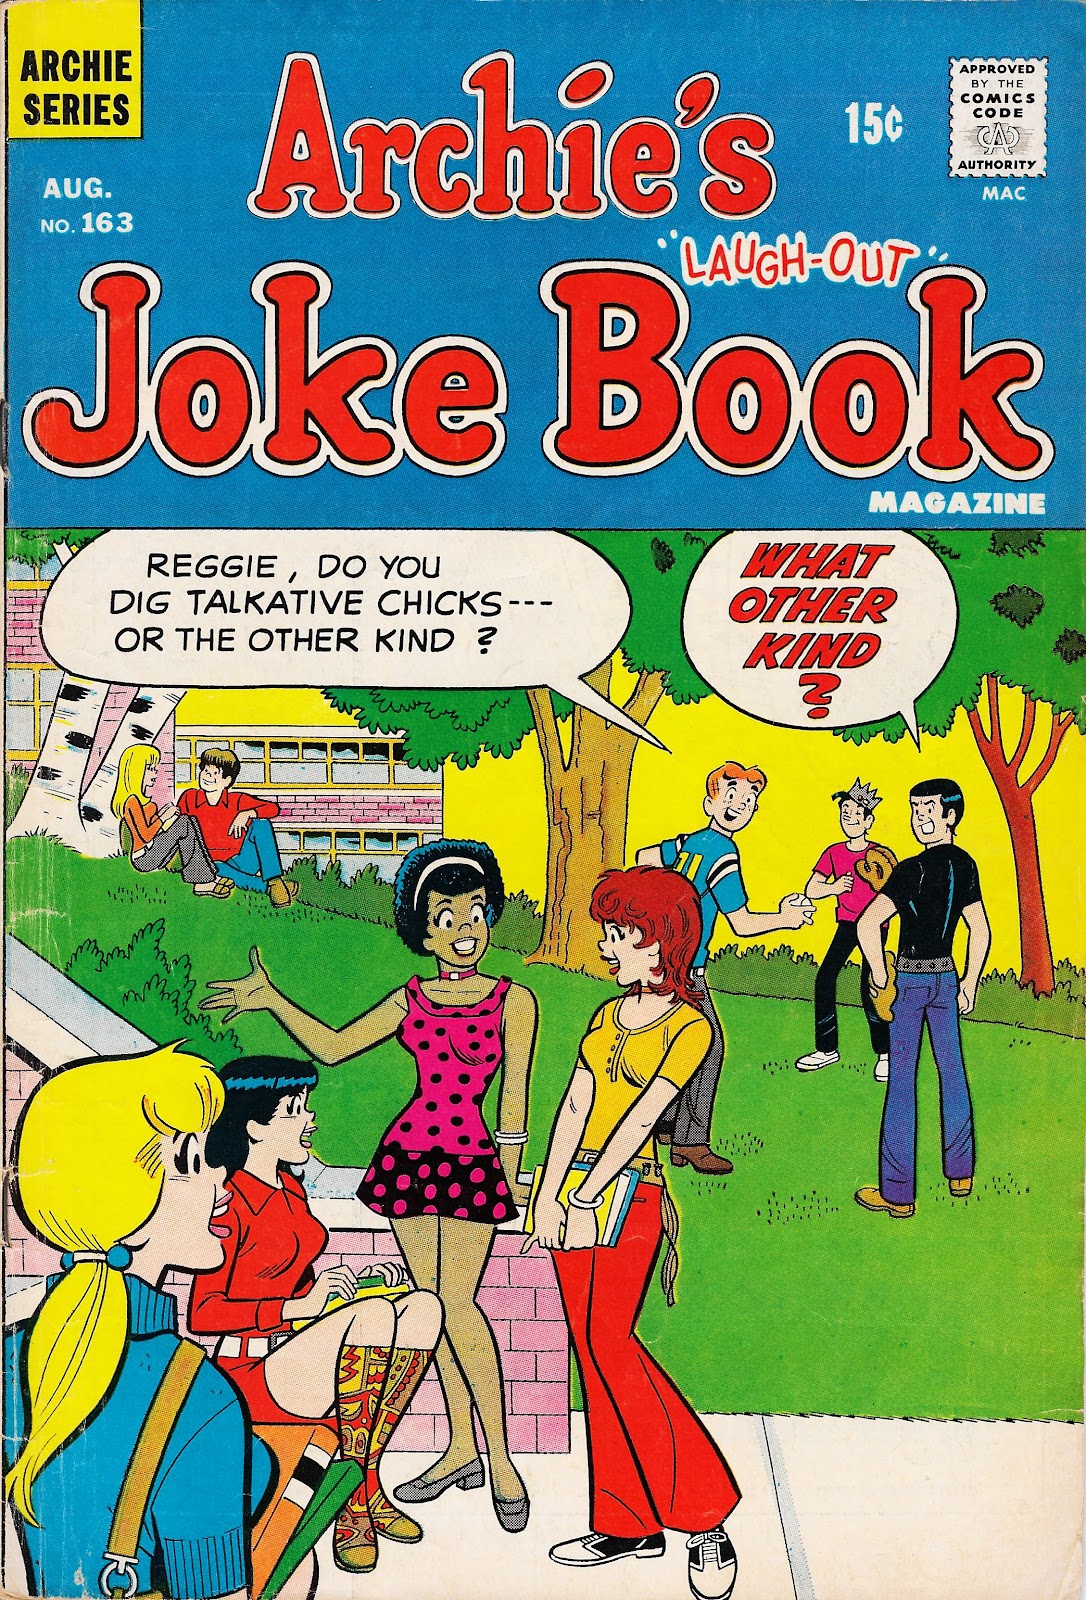 Archie's Joke Book Magazine issue 163 - Page 1
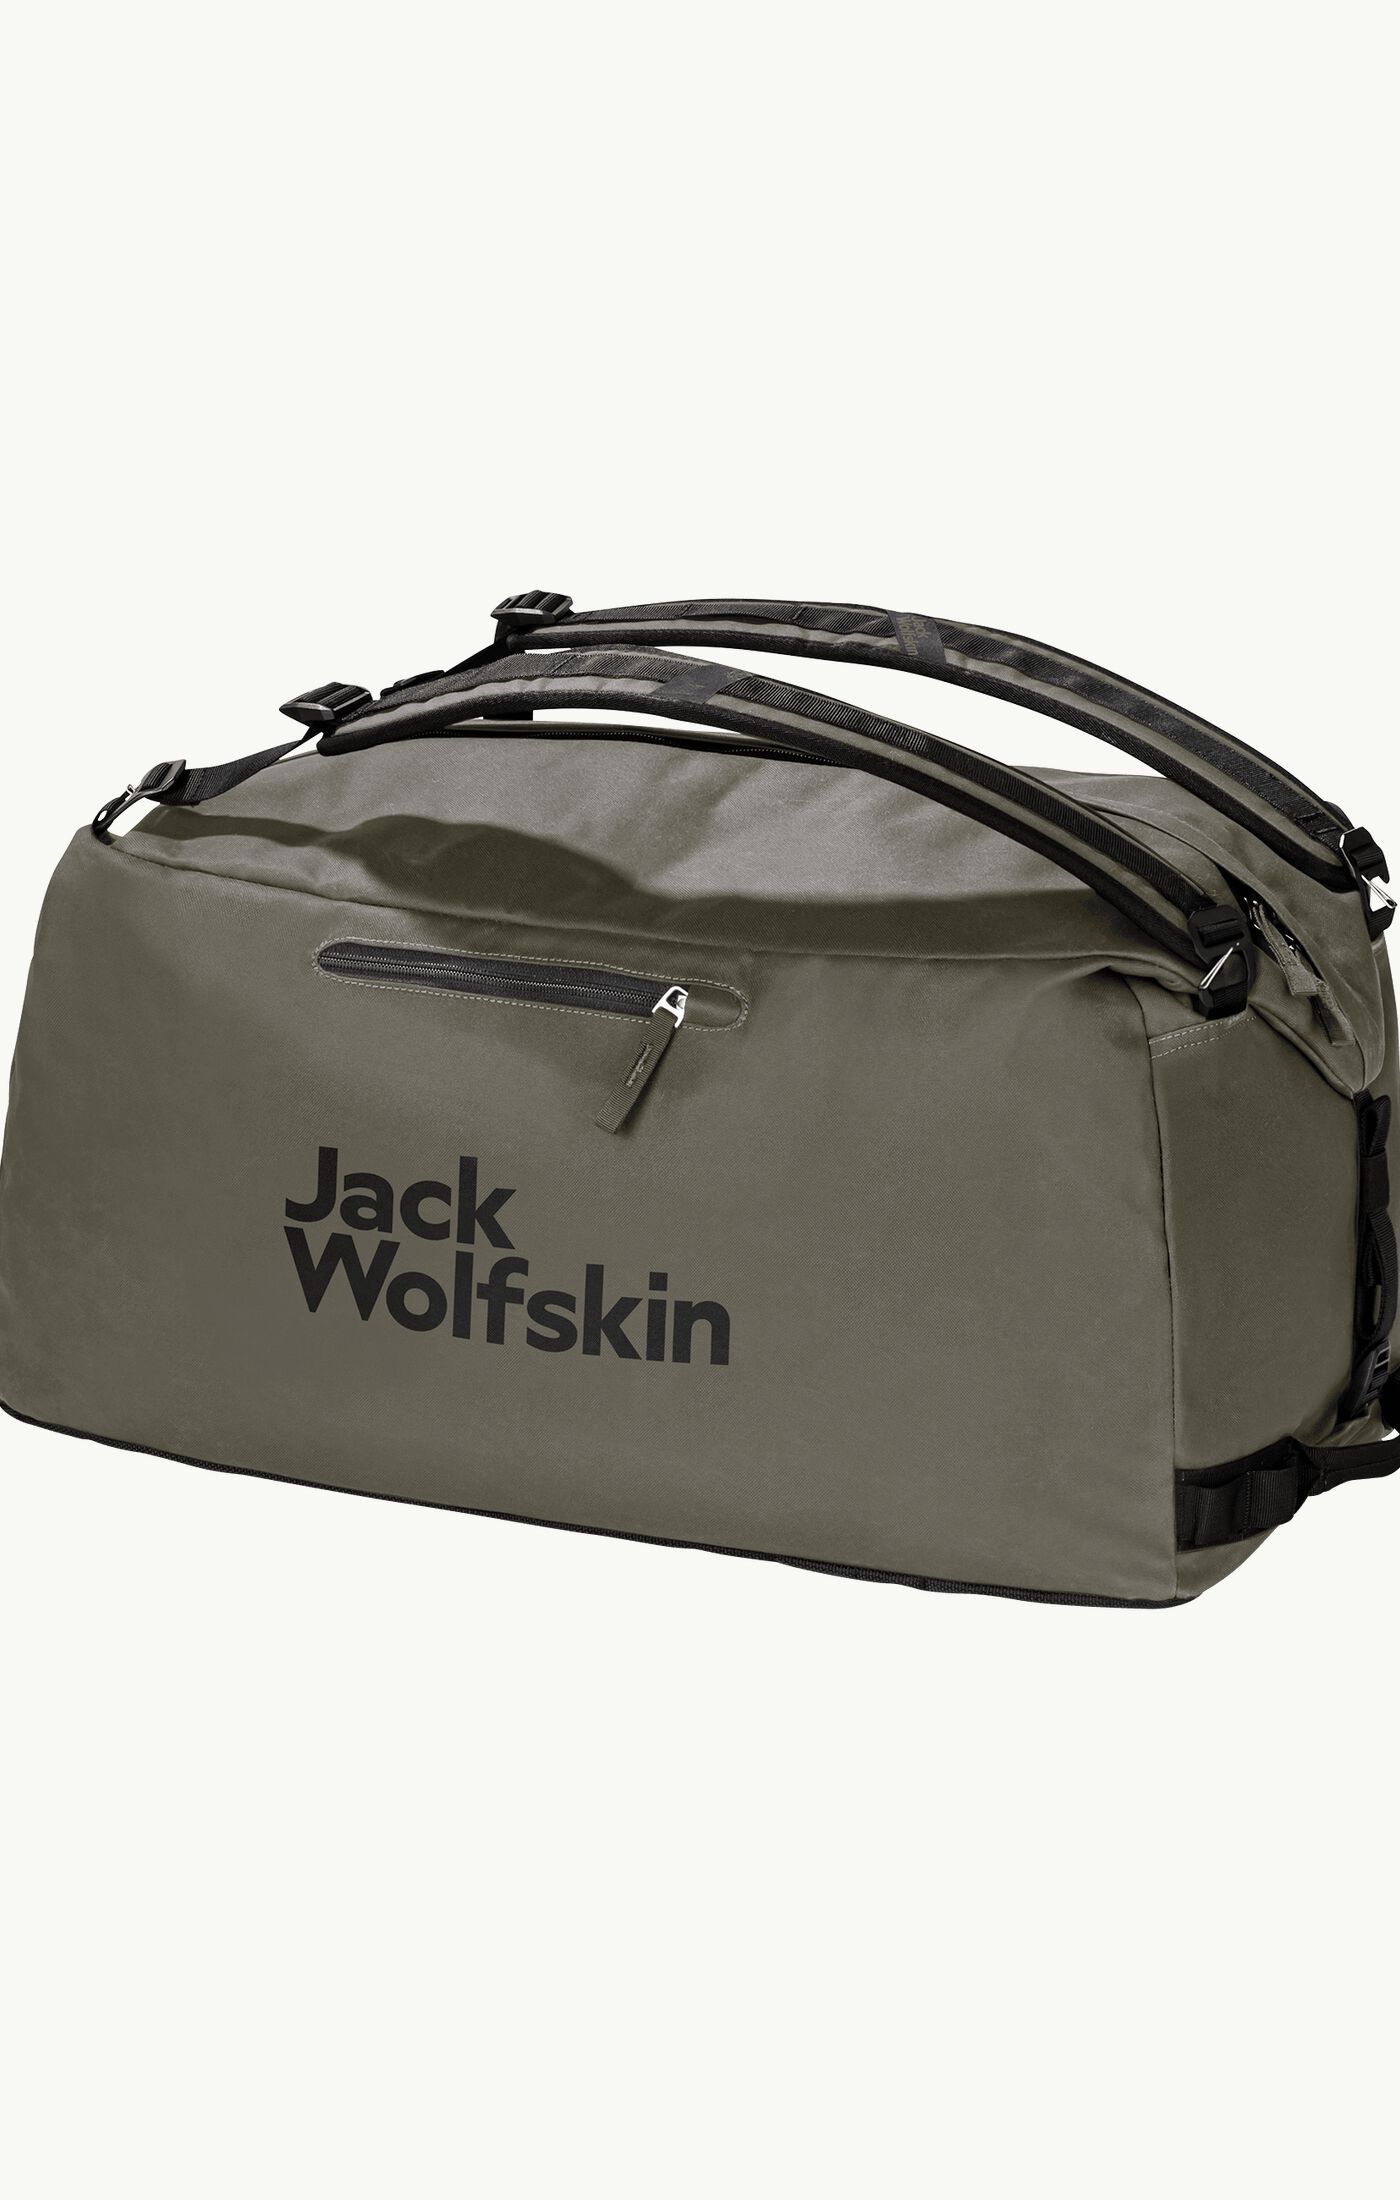 Jack Wolfskin Traveltopia Duffle 65 Dusty olive
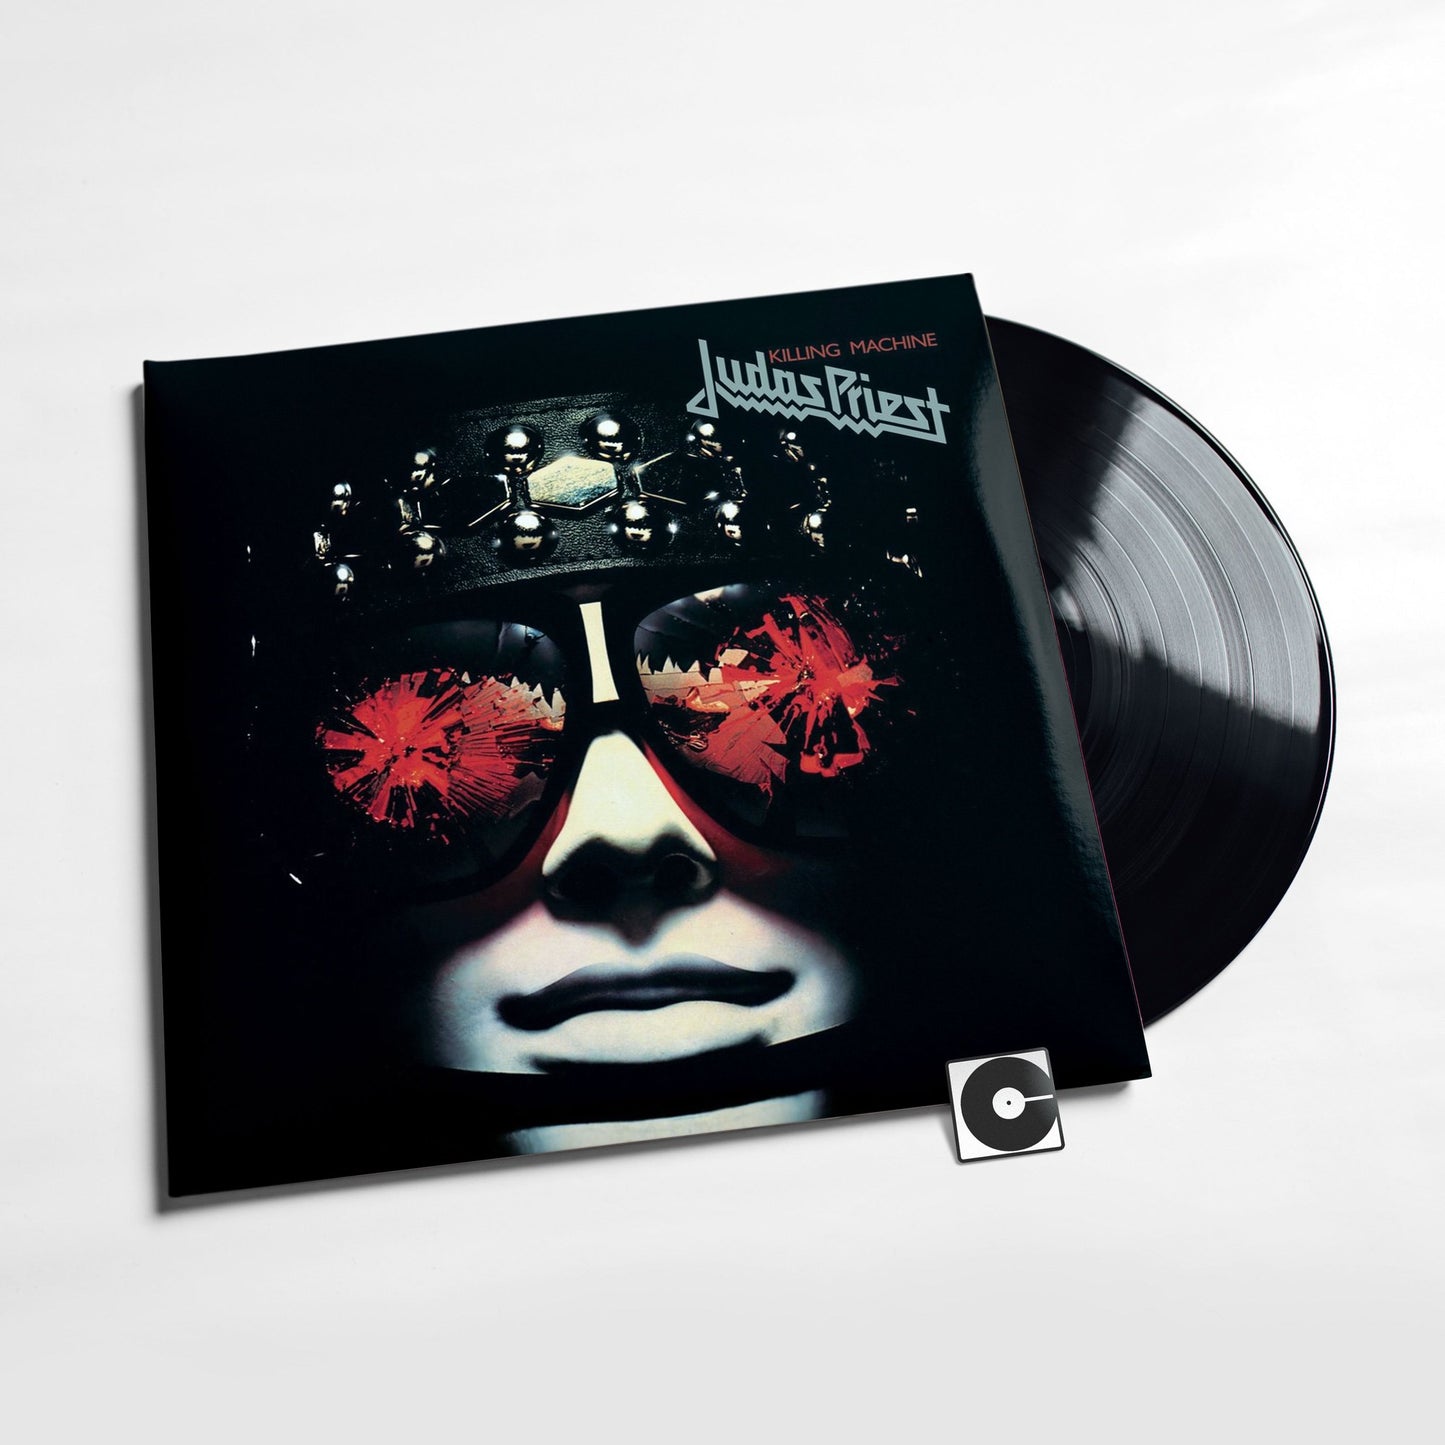 Judas Priest - "Killing Machine"

══════════

→ **What you have to do**: With the images excluded, reproduce the data above precisely as written.

→ **Answer box**:
 Archie's Joke Book Magazine issue 163 - Page 1
 Jack Wolfskin Traveltopia Duffle 65 Dusty olive
 Judas Priest - "Killing Machine"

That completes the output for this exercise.